Rally organizer Korry Zepik reads a letter to Kelowna-Lake Country MP Stephen Fuhr protesting the planned Trans Mountain Pipeline from Alberta to B.C. Friday during a rally outside Fuhr’s constituency office. —Image: Alistair Waters/Capital News

Rally in Kelowna to protest pipeline

Forty people gather outside MP’s office to protest Trans Mountain pipeline project

A rally outside Kelowna-Lake Country MP Stephen Fuhr’s constituency office Friday, to protest the planned Kinder Morgan Trans Mountain pipeline, drew a crowd of about 40 people.

The protesters, many of whom carried signs calling for cancellation of the pipeline project and for the protection of the waters on B.C.’s coast, could not meet the MP in person as he was in Ottawa. But they did hear a call by organizer Korry Zepik for Prime Minister Justin Trudeau to kill the project.

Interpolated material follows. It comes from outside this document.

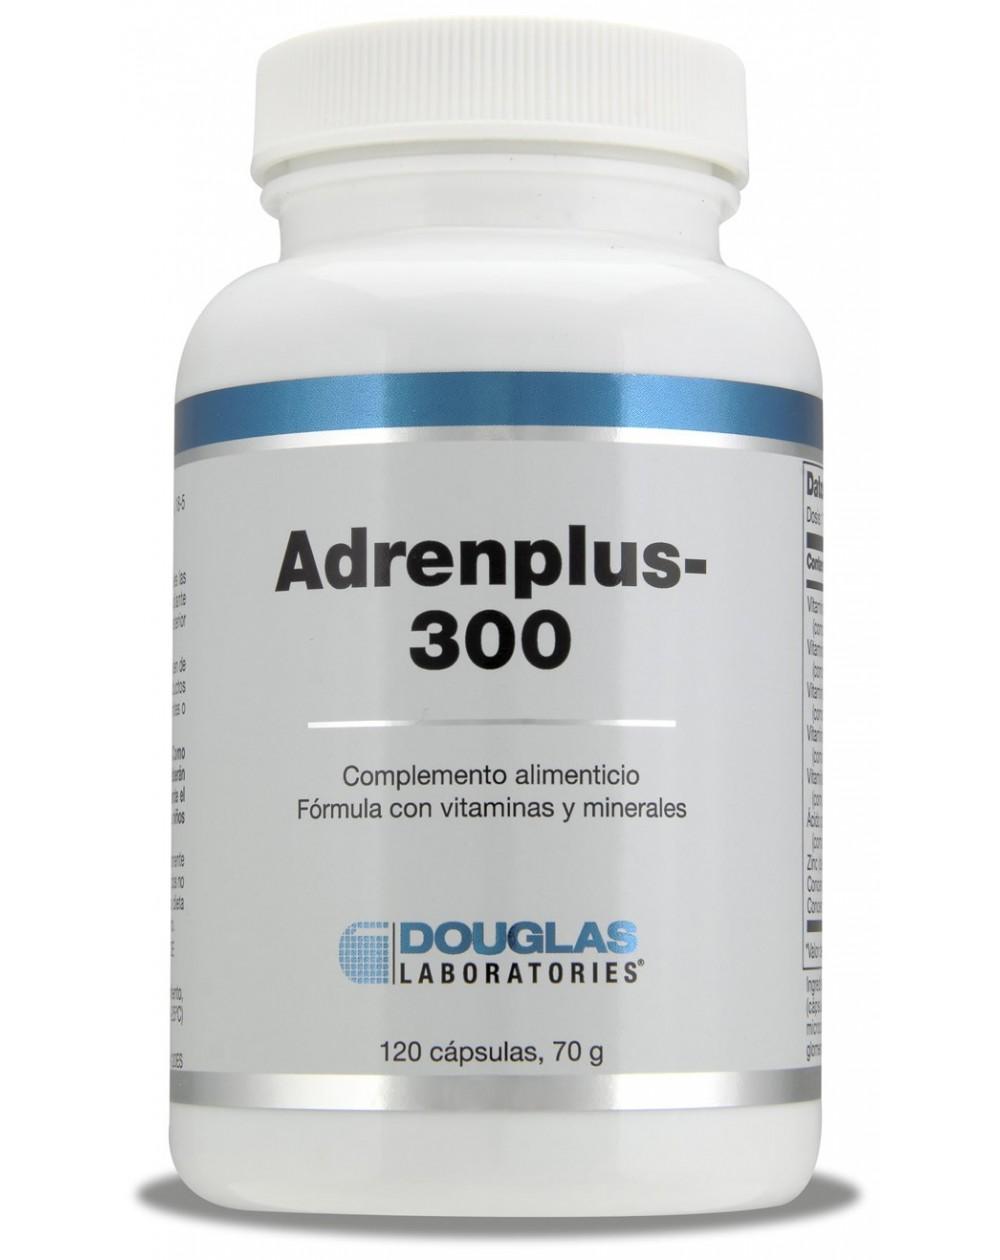 Adrenplus-300 (120 cápsulas)

Zepik of Lead Now, which organized protests in several B.C. communities Friday—read an unsigned letter to Fuhr asking his to join the fight against the pipeline.

“I ask you as a fellow Canadian to please stand up for the values we all hold so dear and perform your citizen’s duty to our country and commit to ending the construction of this egregious pipeline,” said Zepik, reading from the letter.

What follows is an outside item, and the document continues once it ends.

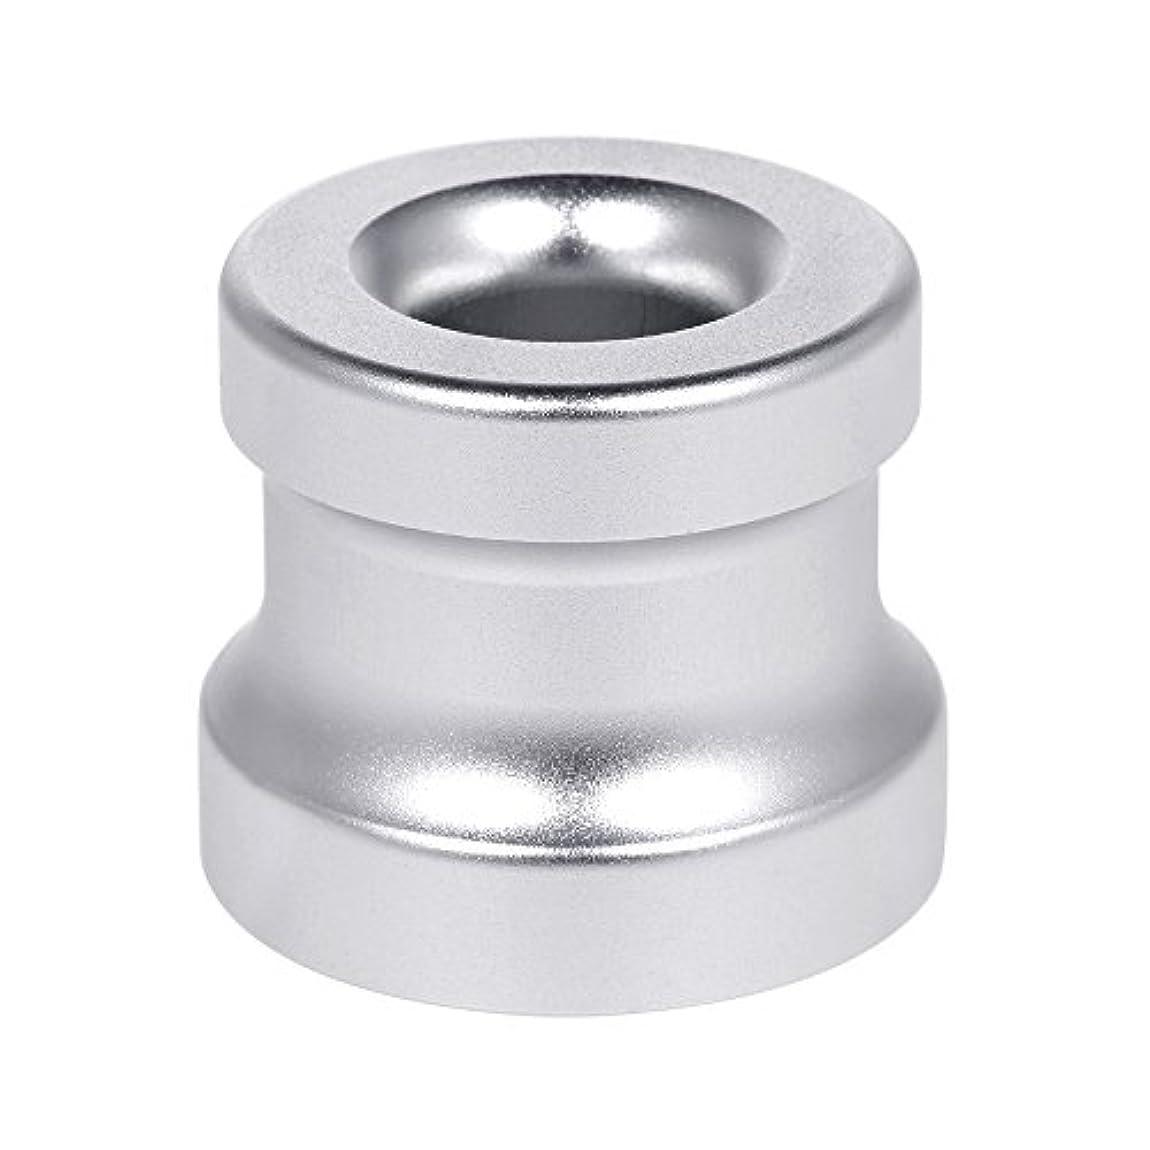 転倒現れる物質Decdeal シェービングカミソリスタンド ホルダー アルミニウム合金 安全カミソリベース シェービングカミソリアクセサリー 1Pc

The protesters had hoped to present Fuhr with a sample of water taken from Burrard Inlet by Zepik, a sample he said he collected when he was in the Lower Mainland recently protesting the pipeline project.

Zepik said he fears for the waters off the B.C. coast could end up in a very different state than they are now if the pipeline is allowed to proceed.

In the letter to Fuhr, Trudeau is accused of going back on his “promise” of a fair review process of the project and ignored the advice of not just the scientific community in general, but of his own scientists in particular on the pipeline issue. And he said the prime minister has “turned his back” on Indigenous people and other Canadians on the issue climate change by allowing the pipeline.

The letter says the increase in oil production in the Alberta Oil Sands to feed the new pipeline—the twin of one already in place—will not only increase greenhouse gases, it also poses a serious pollution risk in B.C.—along the route—if there were to be a leak or be a spill at the Burrard Inlet terminal. It will also increase the tanker traffic carrying bitumen off the B.C. coast.

Protests are currently underway on Burnaby Mountain in the Lower Mainland where Kinder Morgan wants to start boring a tunnel to create a route for new pipeline. On Friday, Green Party leader Elizabeth May was arrested at that protest.

The B.C. government opposes the pipeline project and recently got into a trade spat with Alberta over the issue.

The pipeline would carry bitumen from the Alberta Oil Sands to Burrard Inlet in Burnaby, where it would be loaded onto tankers destined for Asia.